▸ What you are asked to do:
For the material below, reproduce exactly each line from the one that has "Main Image - Madewell Starry Sweatshirt" through the one that has "Download Free 2021 Calendar Australia", and no others; pictures stay out.

▸ Material for this exercise:

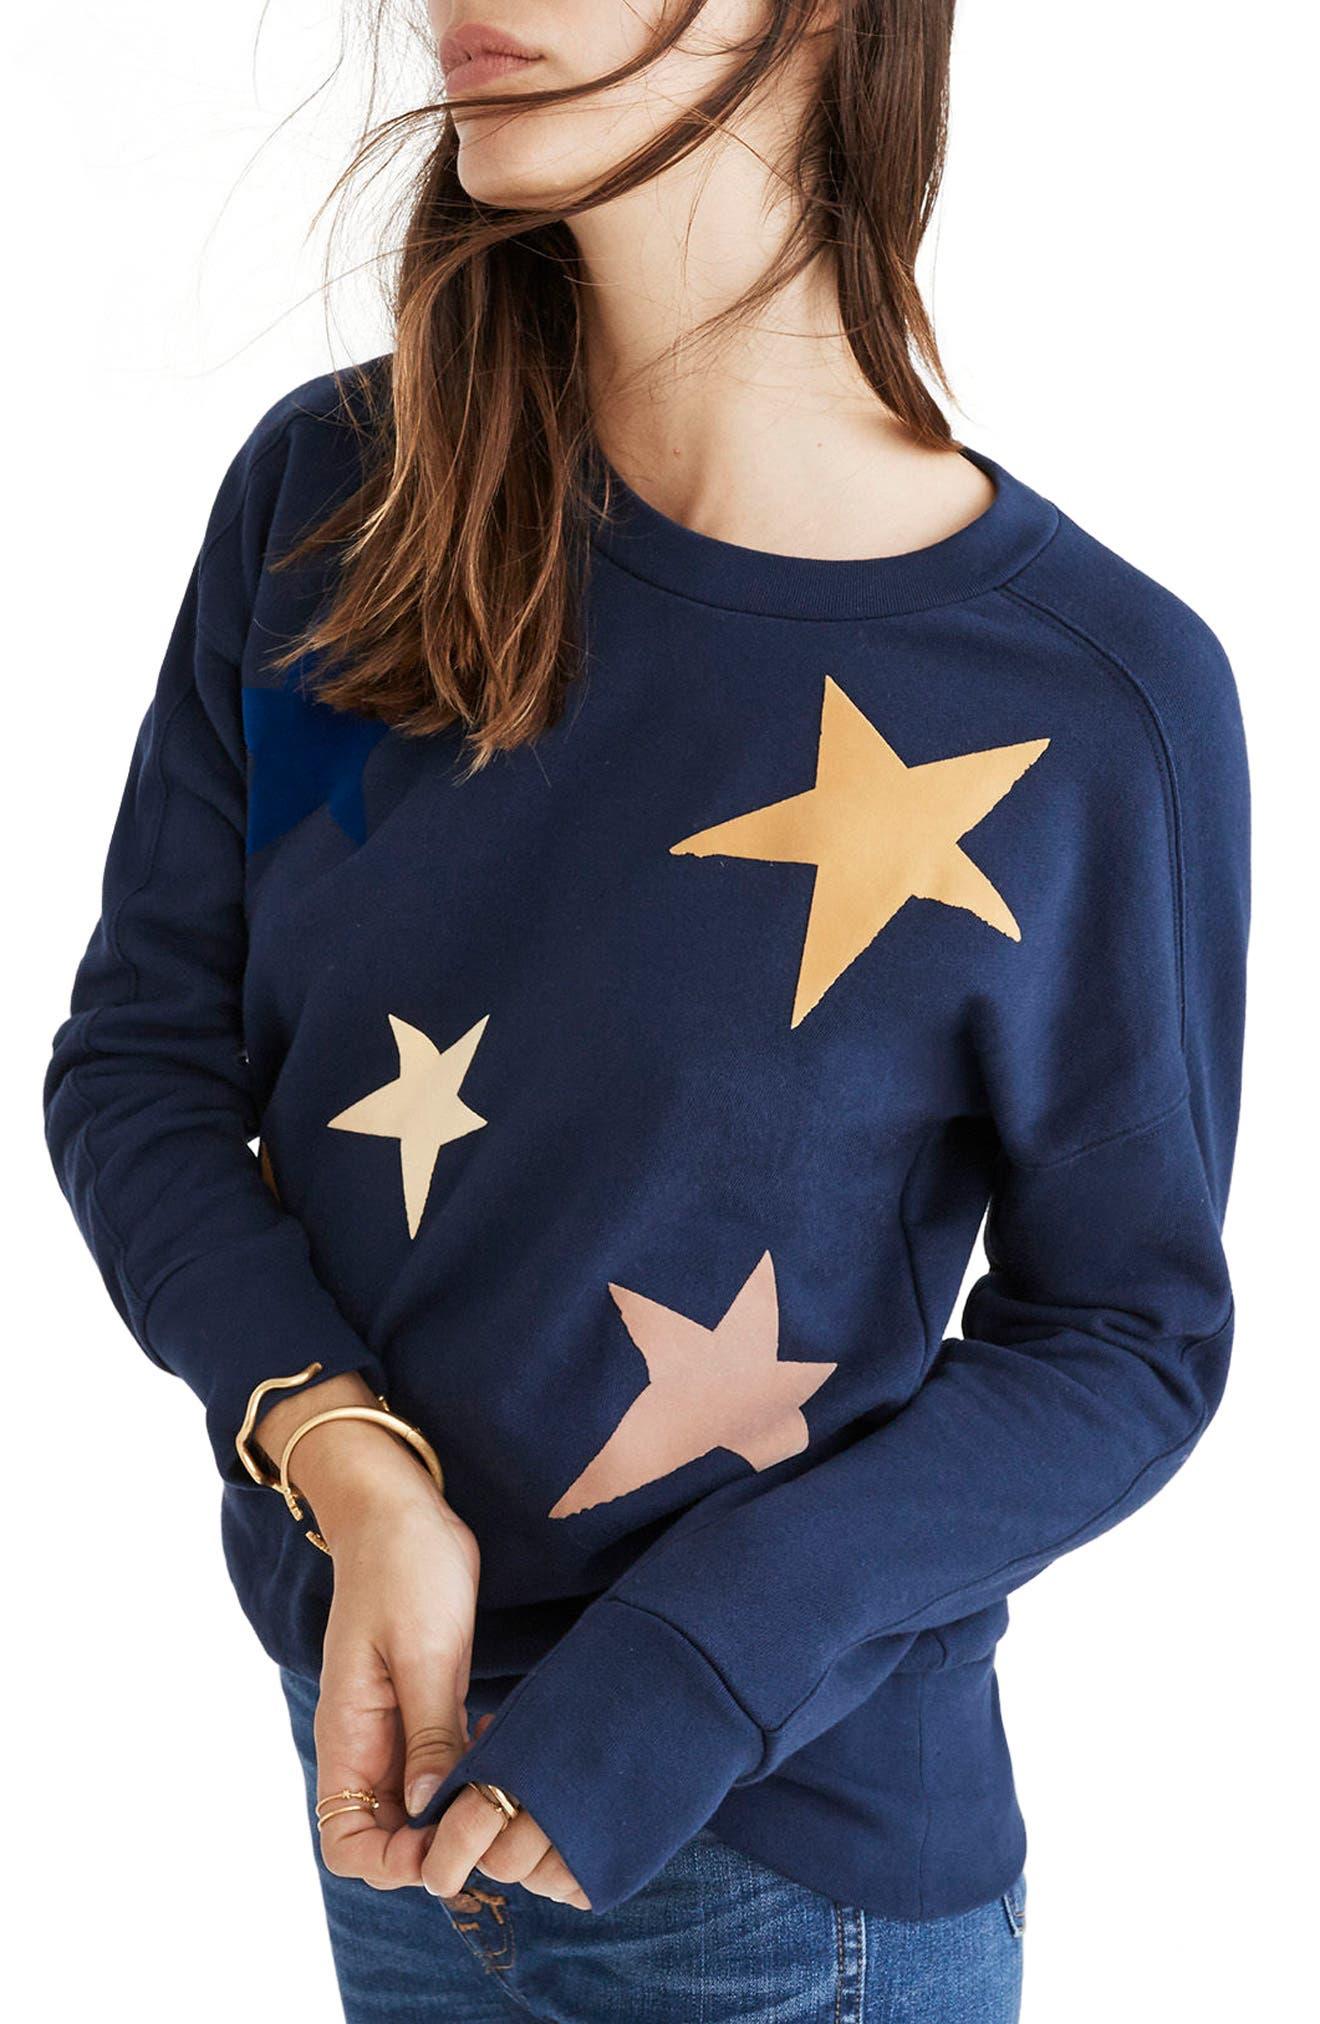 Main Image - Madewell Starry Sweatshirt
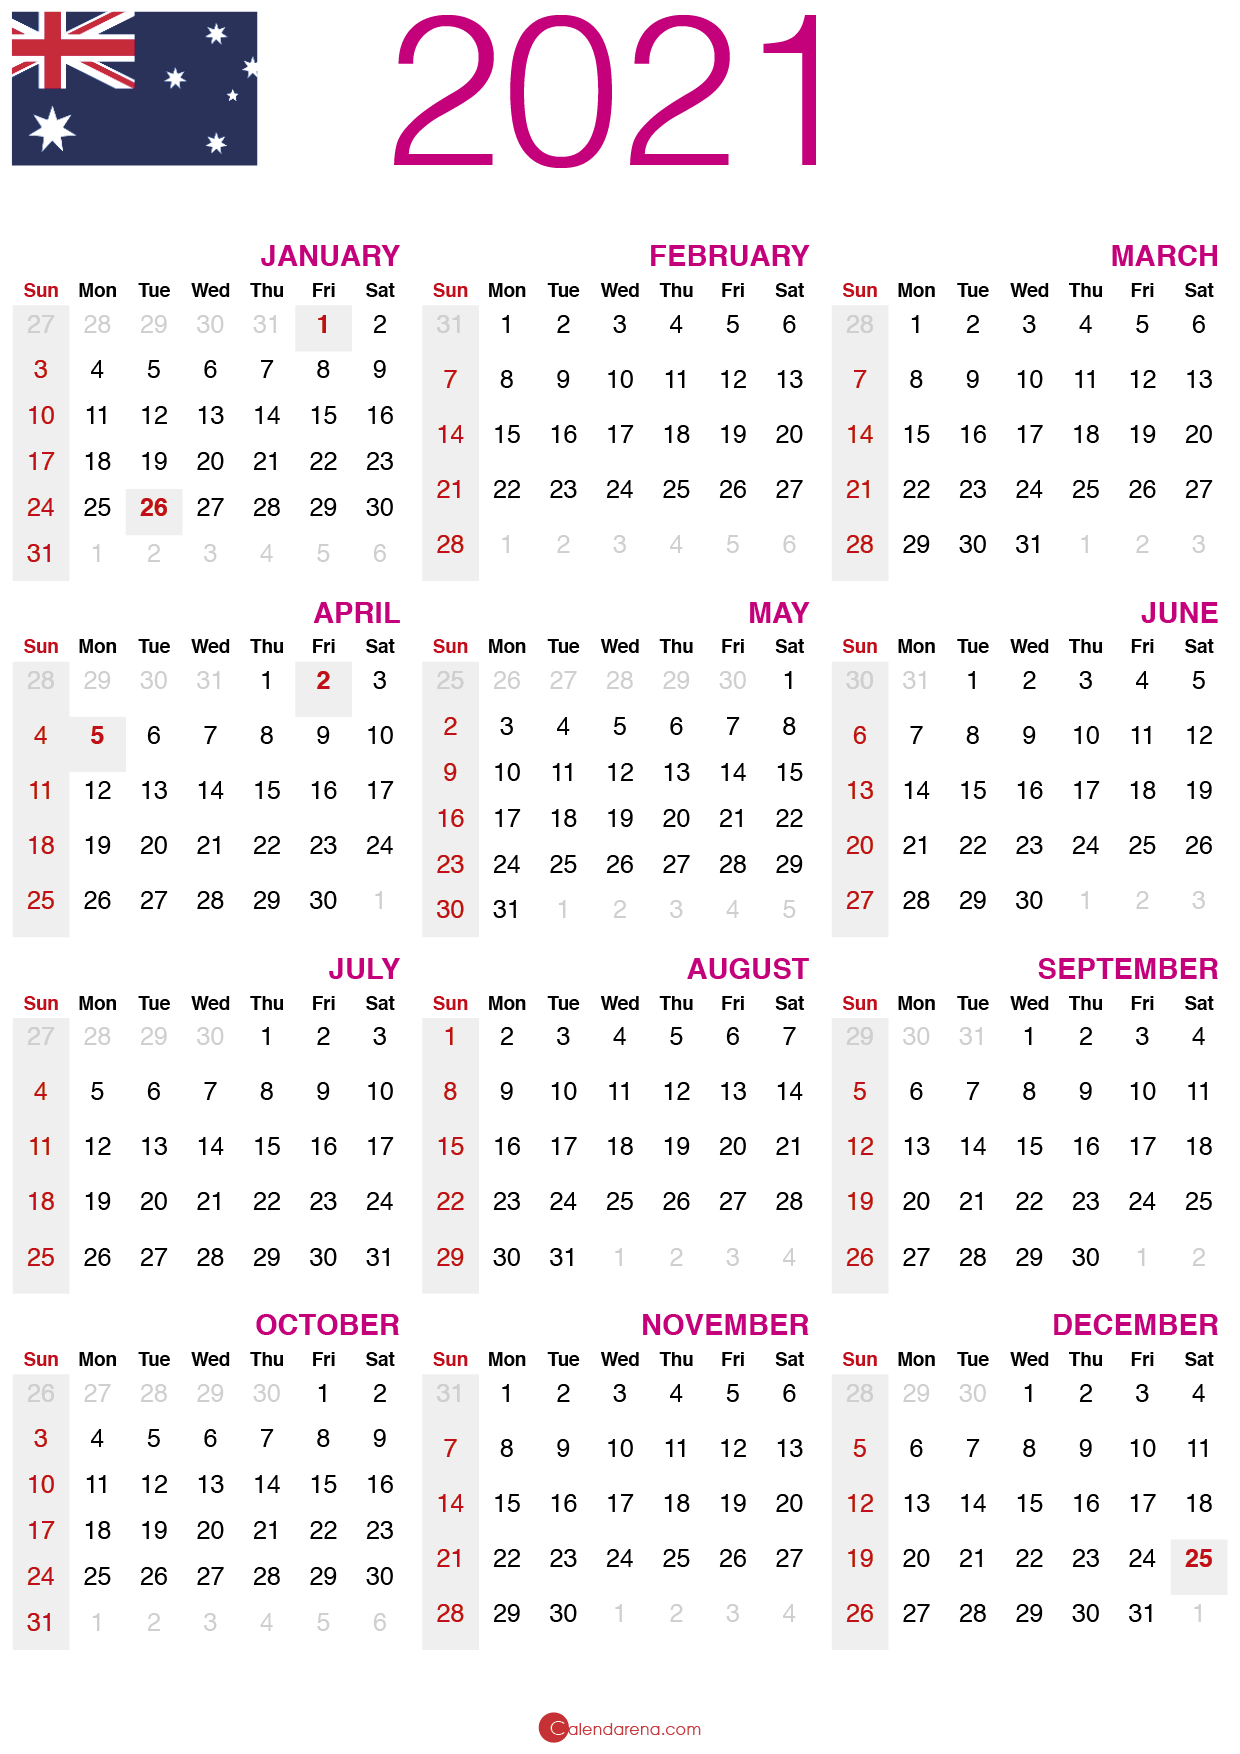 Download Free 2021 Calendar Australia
...
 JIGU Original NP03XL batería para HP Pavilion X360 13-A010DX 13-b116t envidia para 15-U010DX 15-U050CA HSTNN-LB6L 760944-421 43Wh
* * *
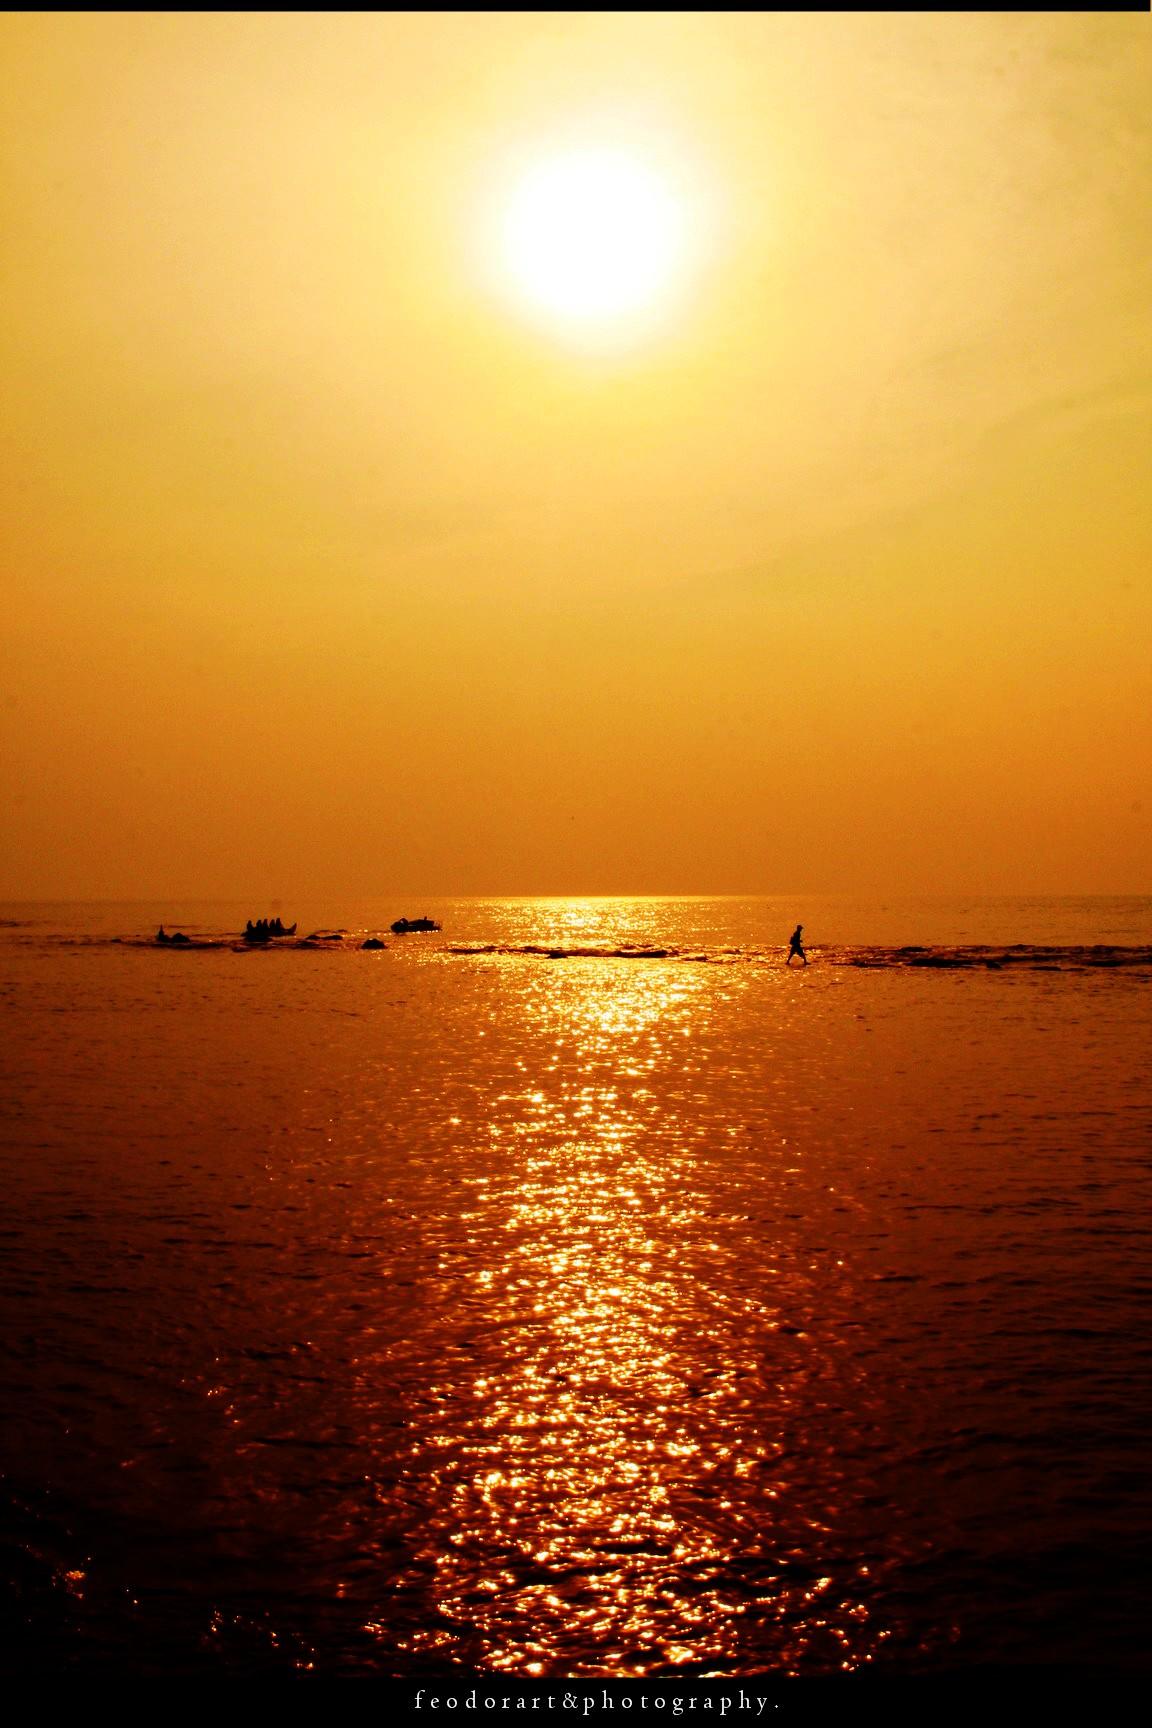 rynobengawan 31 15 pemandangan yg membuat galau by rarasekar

▸ Exercise response:
 Main Image - Madewell Starry Sweatshirt
 Download Free 2021 Calendar Australia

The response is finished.